Many examples might be adduced to show the absence of organized unity in the lower orders of the animal creation. Thus, in the annelid, which is composed of a great many similar rings, and is regarded as quite a complex creature, there is so little dependence of one part on another, that a number of the rings may be destroyed without any injury to the rest. The Synapta, when in want of food, will amputate its own body to procure the necessary supply; and it has been observed to repeat the operation, until it 'had by degrees eaten away the whole of its body to keep life in the head.' (Quatrefages.) Such a phenomenon as this is very unlike that presented by the higher animals, which, together with their multiplied individuality of part and function, and their infinite variety of physiognomic expression, present, at the same time, a unity of organization so complete, that an injury to one part is instantaneously telegraphed to all parts of the system, and sympathized in by all to a greater or less extent.
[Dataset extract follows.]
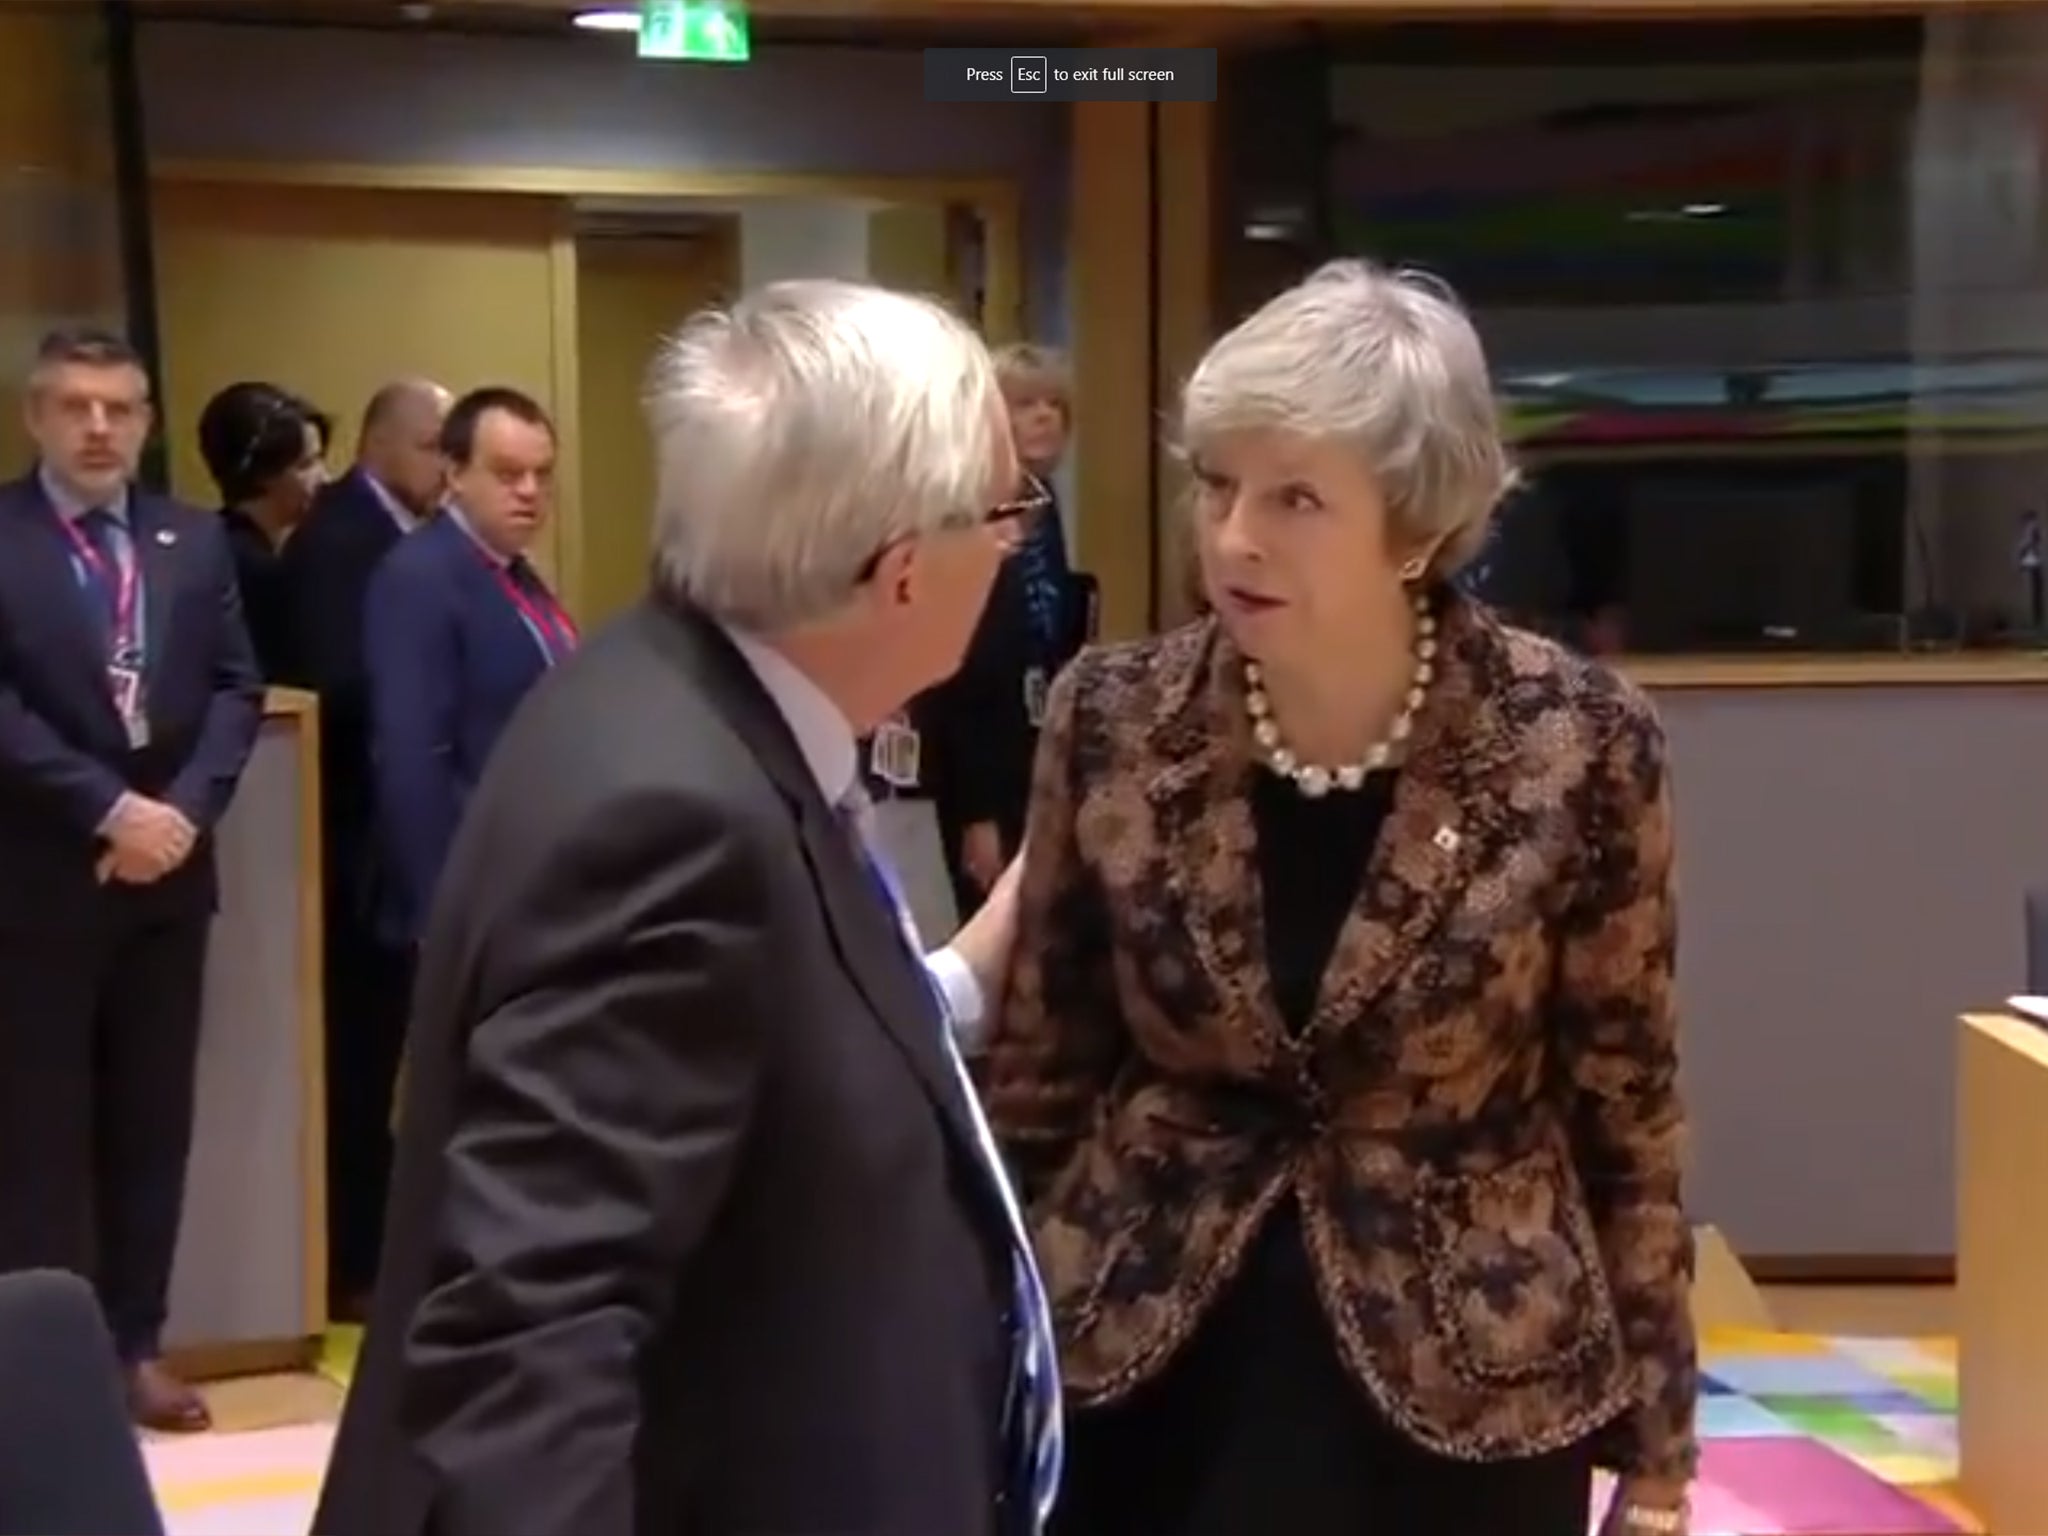 Theresa May and Jean-Claude Juncker had an icy conversation on Friday morning

As in physiology, the development of the individual corresponds to the development of the entire zoological series; so, when we rise into the psychological realm, do we ascertain that the development of the individual mind corresponds to the development of the mental series from the savage to the civilized. In the physiognomy of the savage there is little variety of expression; he has not differentiated that multiplicity of thought and feeling which moulds the face and plays upon its lineaments in the cultivated Teuton. The same is true of the latter while an infant. But who will say that the cultured man of this age is less a balanced, unitized creature than the child of the cradle, or of the forest? The latter is but a creature of impulse, moved by every appetite, and swayed by every gust of passion. He has no fixed principles for the regulation of his life. There is no presiding power to rule and subordinate the tumultuous and refractory elements of his character, and thus unitize the mental organism and its manifestations. This is what culture gives. Here then we also perceive that with the development of variety and complexity, the element of unity becomes more active and manifest. This view of the progressive unitization of the individual man in a psychological aspect, is very suggestive when taken in connection with the wane of despotism and the growth of liberty, as society and government advance, and it becomes ever less the province of law to govern, and also to regulate.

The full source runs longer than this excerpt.